Right-wing gamers can't read
A journey through the psyche of the dumbest and most illiterate subculture on the internet
It’s very funny to imagine that there was a time when gamers believed that, when video games as a medium finally earned the respect it deserved, they as gamers would suddenly be imbued with limitless cultural capital, as if their mastery of Dead or Alive Xtreme Beach Volleyball would somehow translate into sophisticated dinner party chatter overnight. That really was the impression you used to get! It had the vibe of the whole Iraqi Dinar scam, where MAGA dipshits bought up buckets of Dinars out of the expectation that Donald Trump would suddenly make each Dinar equal to one American dollar, because the gamers who felt disrespected did not seem to realize that the specific video games they consumed weren’t really the sort of work that would go on to garner artistic reappraisal. Much of GamerGate felt like a reaction to this disappointment, to realize that, when video games started to be taken seriously, the tastemakers of the new video game cultural elite would not be so omnivorous, and that the skill of even rudimentarily analyzing the themes in a “walking simulator” like Dear Esther would command a lot more cultural capital than say being really good at playing Guilty Gear.

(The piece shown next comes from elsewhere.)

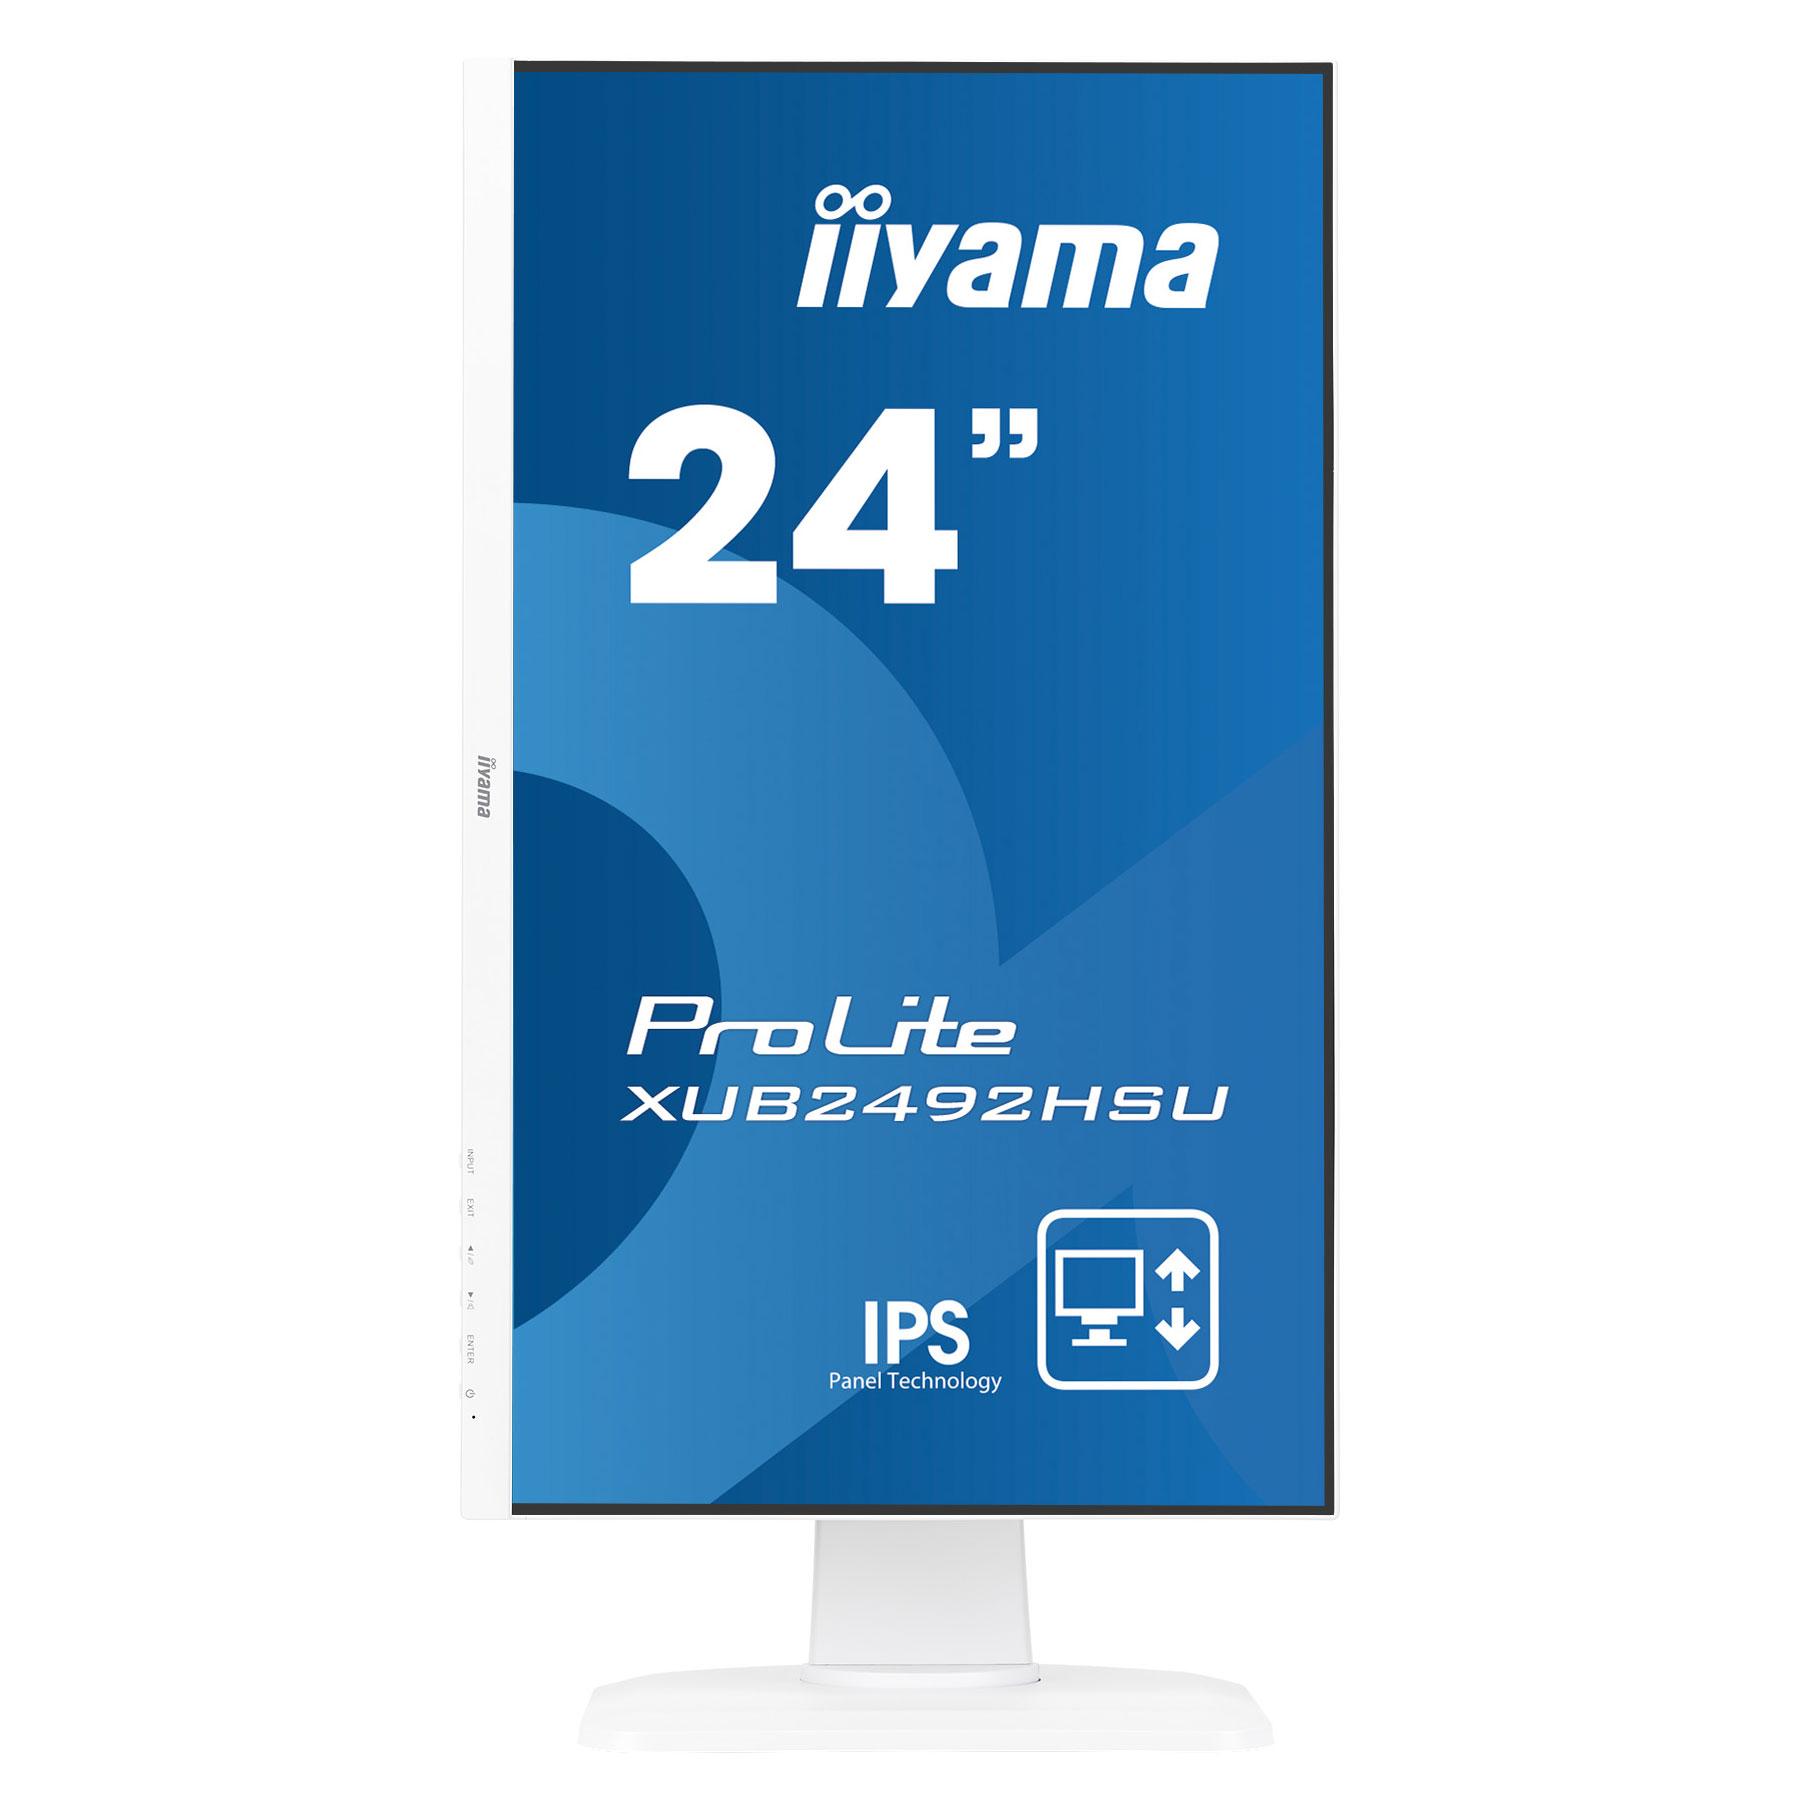 """Iiyama 24""""  XUB2492HSU-W1 - Ecran PC Iiyama - Cybertek.fr - 1"""

This isn’t to say there was never anything reactionary about video games prior to GamerGate, obviously—like many in my age-bracket I spent a lot of my adolescence being called the n-word because I’d killed someone in Halo—nor was it the first time gamers had “gone too far”—doxxing and death threats were regular occurrences in the realm of online games, with a friend of mine even recently telling me about a time an adult man tracked down his MySpace and sent him a photo of his exposed asshole after beating him at Counter Strike. These were simply the ways that gamers, antisocial freaks that they are, generally expressed displeasure. But the pus was firmly inside the pimple. It was only once the outside world finally lanced it that it all came pouring out.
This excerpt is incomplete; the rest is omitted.